Log post-processing

Log files written by cyclog and many of the alternatives one can use in place of it are sequences of zero or more variable-length records that end with linefeeds. There are a number of tools that can be used to post-process the contents of log directories.

One can "follow" a log with the tail -F (not -f) command applied to its current file.

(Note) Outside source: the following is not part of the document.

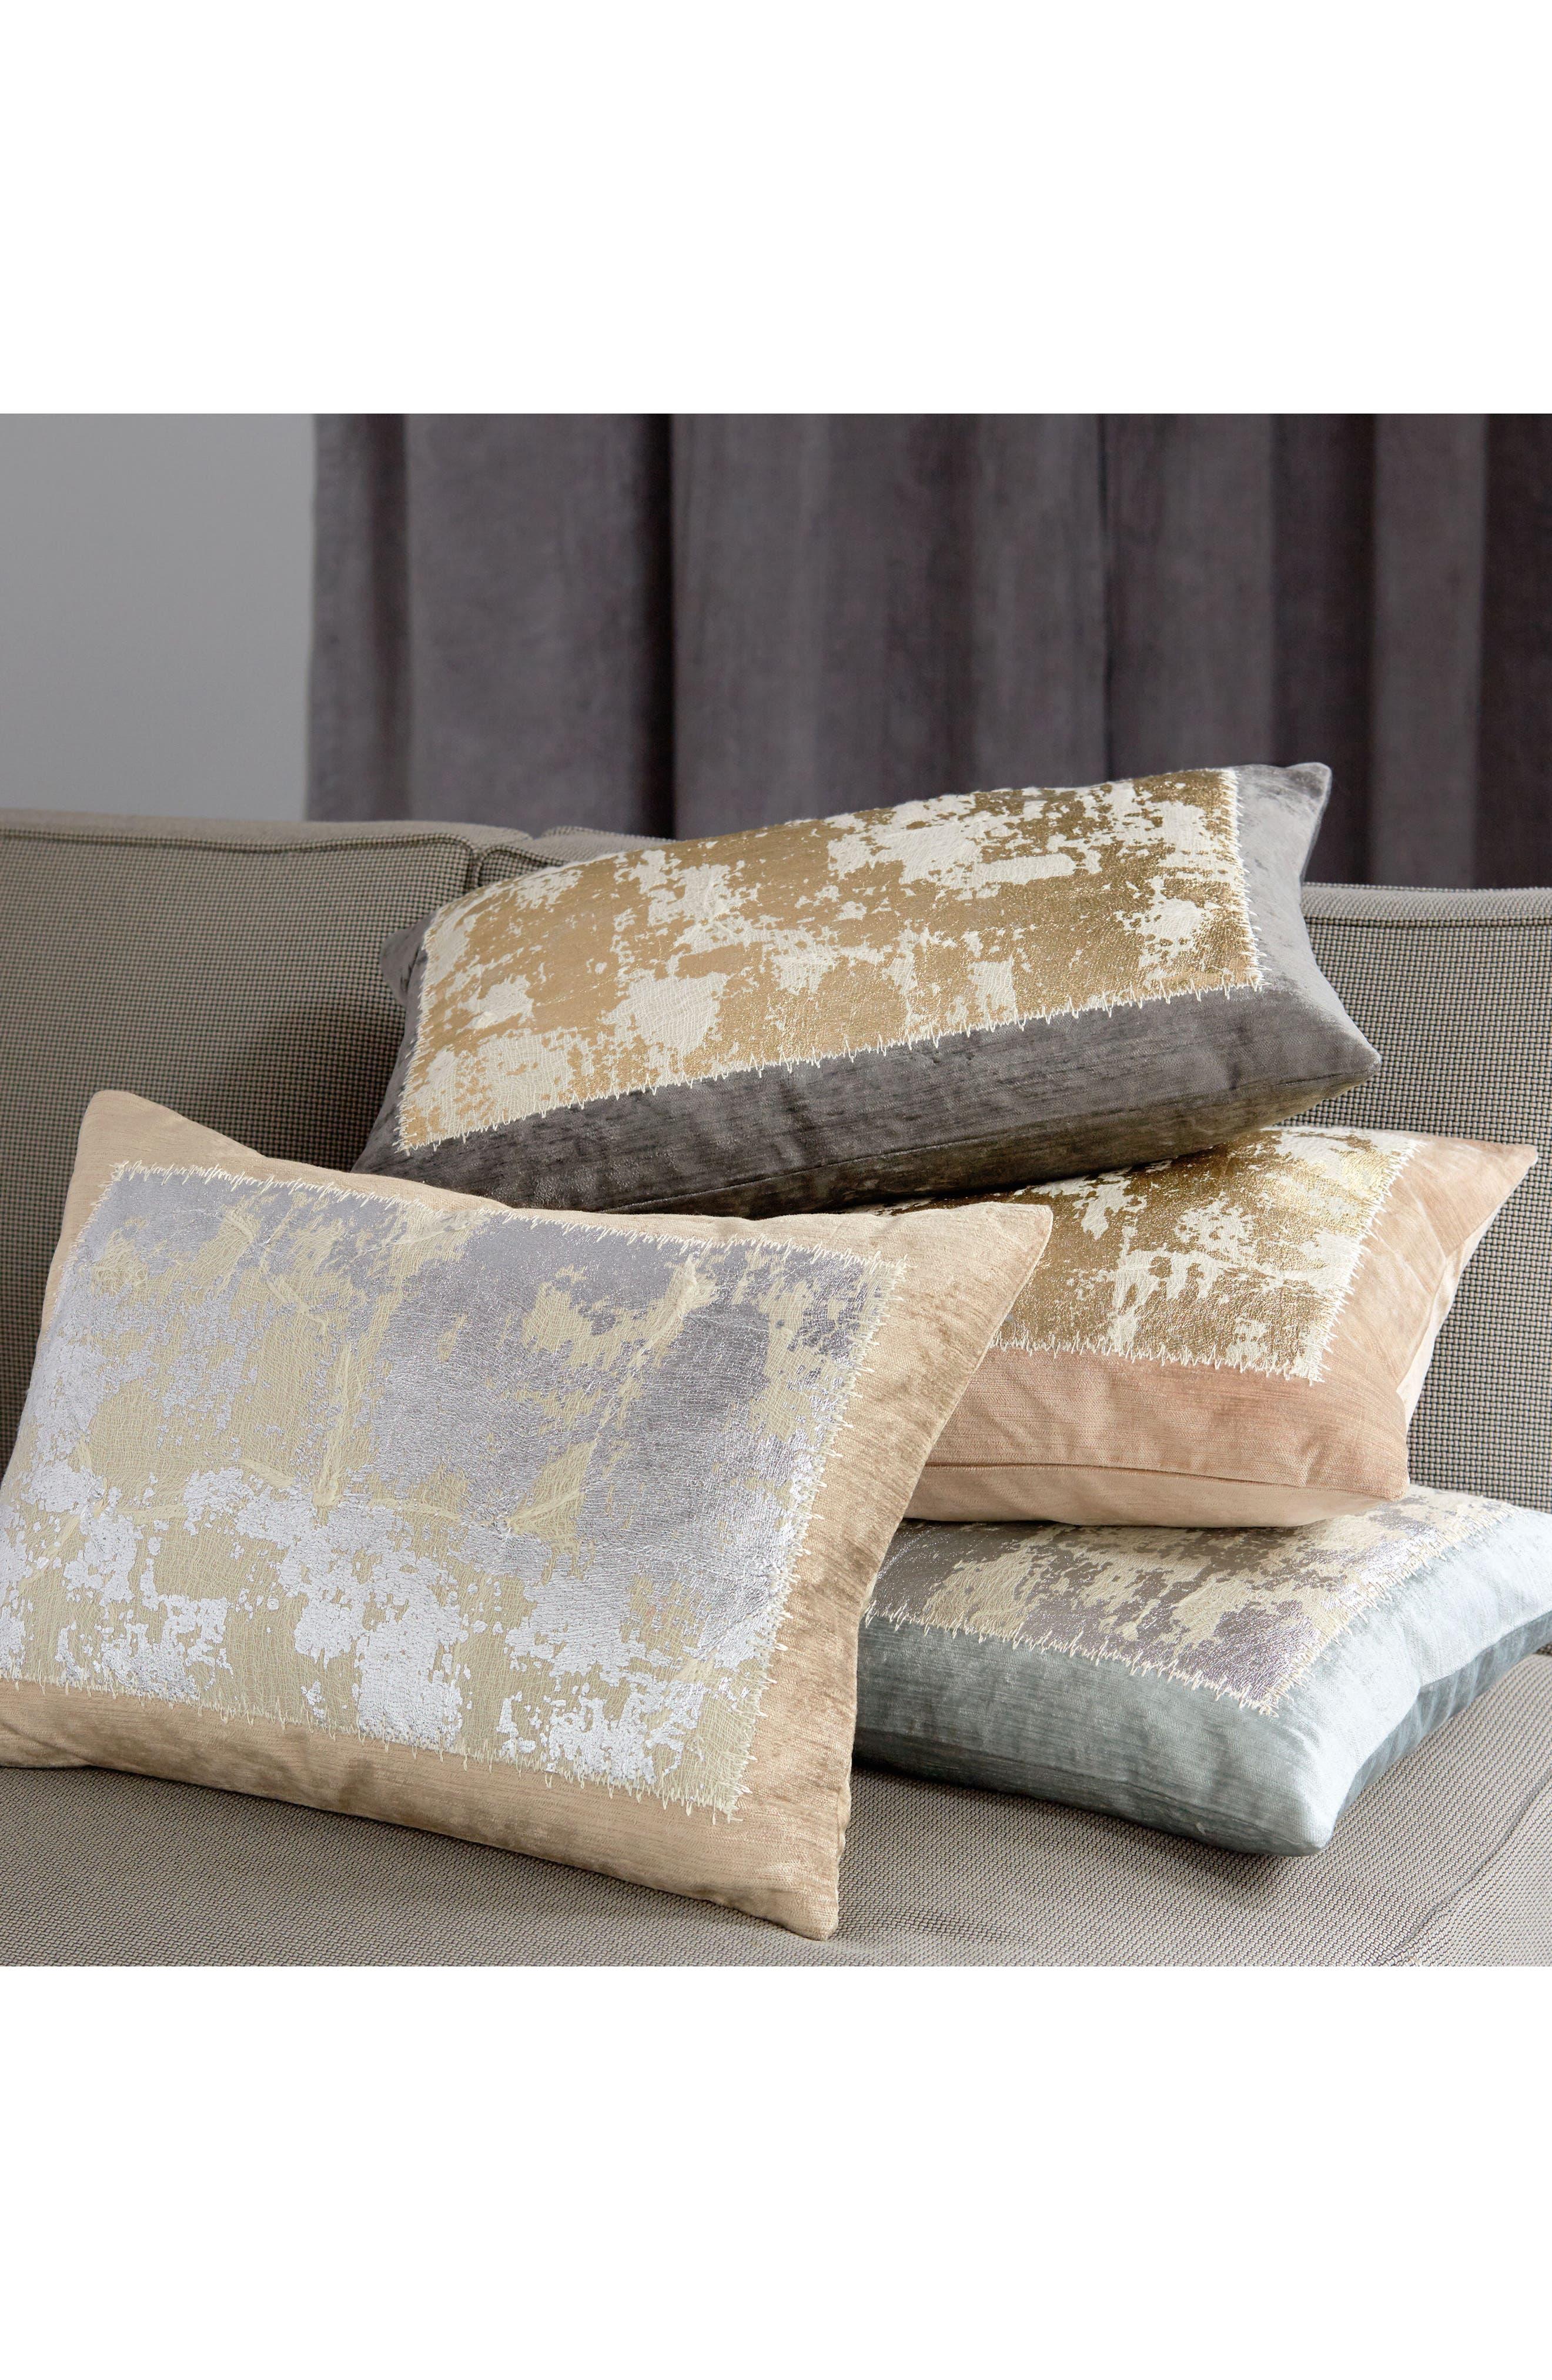 Distressed Metallic Accent Pillow,                             Alternate thumbnail 2, color,                             BLUSH

Note: This does not "catch up" with old logs, and only processes the current file. The -n +0 option can be added to follow from the beginning of the current file.
Also note that it has a race condition where tail will miss out stuff if (for whatever reason) rotation from one file to the next happens faster than tail can switch files to keep up. tail ends up skipping whole files. (This is fairly easy to trigger in practice if the output of tail is to something slow like a slow scrolling remote terminal over a low bandwidth or lossy network connection.)
GNU tail and BSD tail have a multiplicity of problems handling rotated log files.
One can convert the contents of a log file from external TAI64N form to a human-readable timestamp in the current timezone, with the tai64nlocal tool, which can be used both as a filter within a post-processing pipeline and as a straight file-reading utility.
With GNU awk, tai64nlocal can be used as an awk "co-process" to convert timestamps:
```
print |& "tai64nlocal"
"tai64nlocal" |& getline
```
Over the years, many log administration and analysis tools, from logstash to Sawmill (to name but two), have gained the ability to understand TAI64N directly, without need for using tai64nlocal as an intermediary.
Log file directories are locked by the log writing programs with the conventional daemontools lockfile mechanism. One can arrange to execute tasks, interlocked with the logging service not running, using the setlock tool. For example, this arranges to temporarily stop the log service connected to the local-syslog-read service and archive a snapshot of its log directory:
```
setlock /var/log/sv/local-syslog-read/lock sh -c 'pax -w /var/log/sv/local-syslog-read/@*.[su] /var/log/sv/local-syslog-read/current > snapshot.tar' &
system-control condrestart cyclog@local-syslog-read
```
(Note the subtlety of wildcard expansion being deferred until setlock has acquired the lock.)
All log lines begin with a timestamp; TAI64N timestamps sort lexically into chronological order; and each log file is by its nature already sorted into chronological order. This means that log files are suitable for using the -m option to the sort command, in order to merge sort multiple log files together into a single log.
The following example makes use of this to sort all of the last hour's logs from all (nosh managed, system-wide) services together:
```
find /var/log/sv/*/ -type f \( -name current -o -name '@*.[su]' \) -mmin -60 -print0 |
xargs -0 sort -m -- |
tai64nlocal |
less -S +G
```
The follow-log-directories and export-to-rsyslog tools understand the structure of log directories, and can thus do things that tail -F cannot:
- They know the naming scheme for old rotated log files and know to scan through them, reading any that are newer than the point last recorded in their "log cursor", before reading the current file.
- They know to skip through any given log file, to the next entry after the point last recorded in their "log cursor".
- They know to read all of the way to the end of the current file before taking note of a rename notification triggered by a file rotation.
- Their "log cursors" are persistent and tweakable, and not just transient state held within some kernel open file description that is lost when the process holding it open terminates. They will "remember" where they last left off if terminated and then re-invoked. An administrator can hand-edit the "cursor" file with the TAI64N timestamp of the desired place in the log to (re-)start from.
With export-to-rsyslog one can build a de-coupled log export service that will export a machine's logs over the network to an RSYSLOG server, without skipping log entries and with the log directory itself being a buffering mechanism that allows the logged service to pull ahead of the export service without the risk of short-lived temporary network glitches blocking the logged service because its output pipe is full.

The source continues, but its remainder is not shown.